Oktober 22, 2010

Salamatush Shadr (LAPANG DADA)


               Kata al-shafh dalam berbagai bentuk terulang sebanyak delapan kali dalam  Al-Quran. Kata ini pada mulanya berarti lapang. Halaman pada sebuah buku dinamai shafhat karena kelapangan dan keluasannya. Dari sini, al-shafh dapat diartikan kelapangan dada. Berjabat tangan dinamai mushafahat karena melakukannya menjadi perlambang kelapangan dada. Dari delapan kali bentuk al-shafh yang dikemukakan, empat di antaranya didahului oleh perintah memberi maaf.
          Apabila kamu memaafkan,dan melapangkan dada serta melindungi, sesungguhnya Allah Maha Pengampun lagi Maha Penyayang (at-Thaghabun: 14).
          Hendaklah mereka memaafkan dan melapangkan dada! Apakah kamu tidak ingin diampuni oleh Allah? (an-Nur: 22) .
          Maafkanlah mereka dan lapangkan dada. Sesungguhnya Allah senang kepada orang-orang yang berbuat kebajikan (terhadap yang melakukan kesalahan kepadanya) (al-Maidah: l3).
          Sebahagian besar ahli Kitab menginginkan agar mereka dapat mengembalikan kamu kepada kekafiran setelah kamu beriman, Karena dengki yang (timbul) dari diri mereka sendiri, setelah nyata bagi mereka kebenaran. Maka ma'afkanlah dan biarkanlah mereka, sampai Allah mendatangkan perintah-Nya. Sesungguhnya Allah Maha Kuasa atas segala sesuatu. (al-Baqarah:109).
               Ulama-ulama Al-Quran seperti Ar-Raghib Al-Isfahani  menyatakan bahwa  al-shafh lebih tinggi kedudukannya dari al-'afw (maaf). Pernyataan ini dapat dipahami dengan sebuah analogi.

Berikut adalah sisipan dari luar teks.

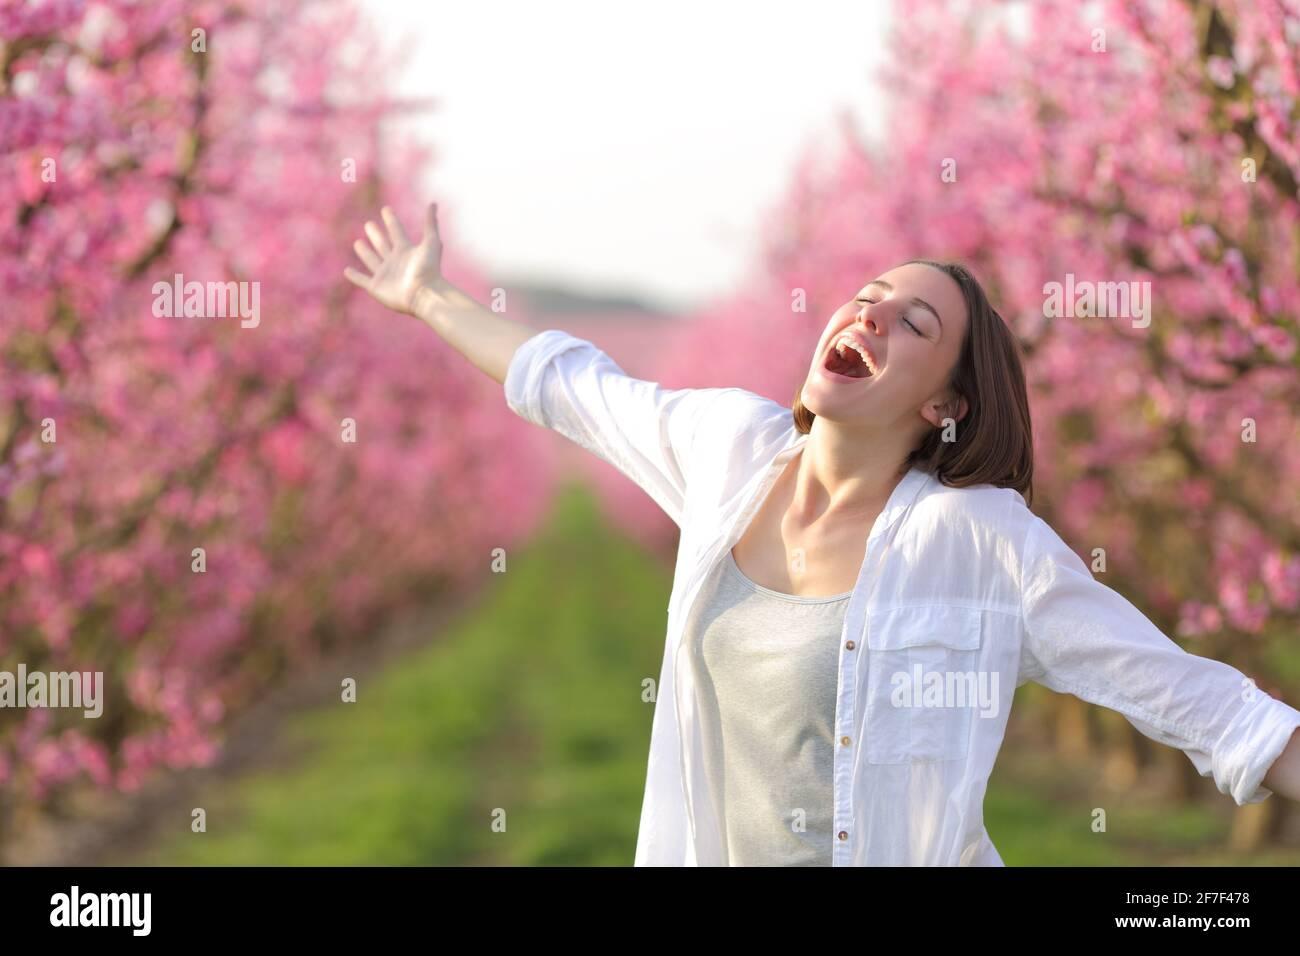 Aufgeregt Frau Strecken Arme feiern Frühling und Urlaub in einem Rosafarbenes Blumenfeld Stockfoto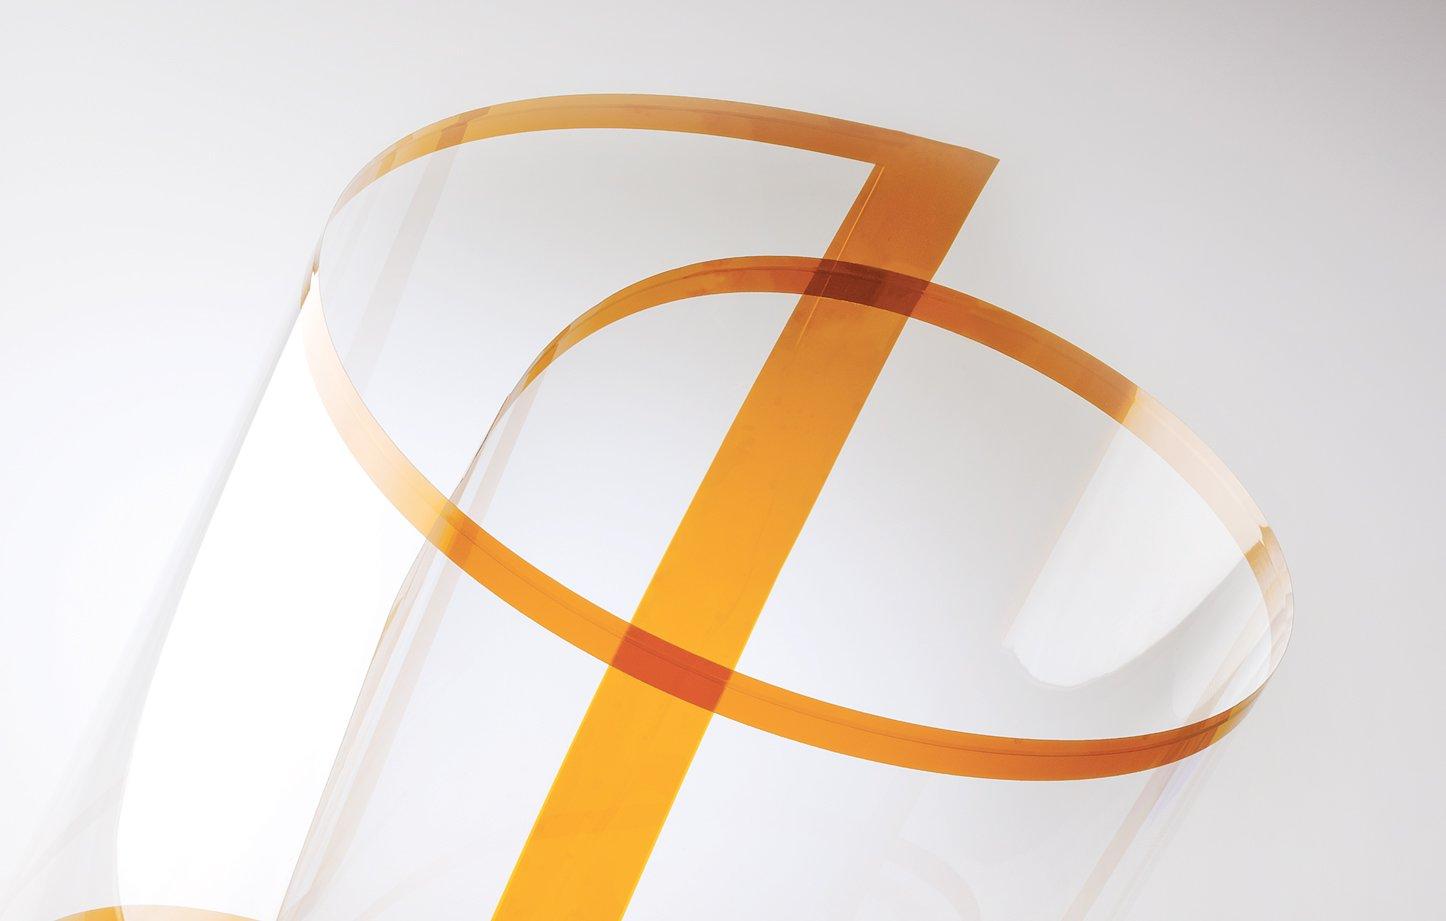 Гибкие дисплеи willow glass появятся в 2018 году

Seperti dikemukakan terdahulu dari kata  al-shafh lahirlah shafhat yang berarti halaman.  Jika kita memiliki selembar kertas yang ditulisi suatu kesalahan dan kesalahan itu ditulis dengan pensil, maka kita akan menngunakan penghapus karet untuk menghapusnya. Demikianlah halnya ketika Anda melakukan 'afw (memberi maaf).  Seandainya kesalahan itu ditulis dengan tinta, tentu kita akan menghapusnya dengan tip-ex agar tidak terlihat lagi. Akan tetapi, walaupun kita telah berusaha menghapus kesalahan tersebut, tentunya lembaran tersebut tidak lagi sama sepenuhnya dengan lembaran baru bahkan lembaran itu mungkin menjadi lebih lusuh dari sebelumnya. Di sinilah letak perbedaan antara al-shafh yang mengandung arti lapang dan lembaran baru dengan takfir. Al-Shafh menuntut seseorang untuk membuka lembaran baru sehingga sedikit pun hubungan tidak ternodai, tidak kusut, dan tidak seperti lembaran yang telah dihapus kesalahannya. Mushafahat (jabat tangan) adalah lambang kesediaan seseorang untuk membuka lembaran baru, dan tidak mengingat atau menggunakan lagi lembaran lama. Sebab, walaupun kesalahan telah dihapus, terkadang masih saja ada kekusutan masalah.  
               Perintah memaafkan tetap diperlukan, karena tidak mungkin membuka lembaran baru dengan membiarkan lembar yang telah ada  kesalahannya  tanpa  terhapus.  Itu sebabnya ayat-ayat yang memerintahkan al-shafh tetapi tidak didahului oleh perintah memberi maaf, dirangkaikan dengan jamil yang berarti indah. Selain itu, al-shafh juga dirangkaikan dengan perintah menyatakan kedamaian dan keselamatan bagi semua pihak.
          Berlapang dadalah terhadap mereka dengan cara yang baik (al-Hijr:85)
          Berlapang dadalah terhadap mereka dengan mengatakan salam/kedamaian (az-Zukhruf:84).
Lapang dada dalam Amal Jama’i
               Salamatush shadr adalah kita dapat berlapang dada menerima kesalahan maupun suatu hal yang tidak kita setujui. Oleh karena itu, sikap ini saat diperlukan dalam aktivitas beramal jama’i karena tidak menutup kemungkinan adanya keputusan yang tidak kita sukai tapi merupakan keputusan bersama (jama’ah). Akan tetapi, dalam hal ini tidak cukup sampai dengan berlapang dada dalam menerima keputusan. Kita juga harus bisa berlapang dada dalam menjalankan keputusan tersebut demi terlaksananya kerja-kerja jama’ah dan tercapainya tujuan bersama.
               Jika salamatush shadr memiliki tingkatan lebih tinggi dari memaafkan, maka setelahnya masih ada tingkatan yang lebih tinggi lagi yakni “Itsar”. Itsar adalah mendahulukan kepentingan saudaranya atas dirinya dalam segala sesuatu yang ia cintai.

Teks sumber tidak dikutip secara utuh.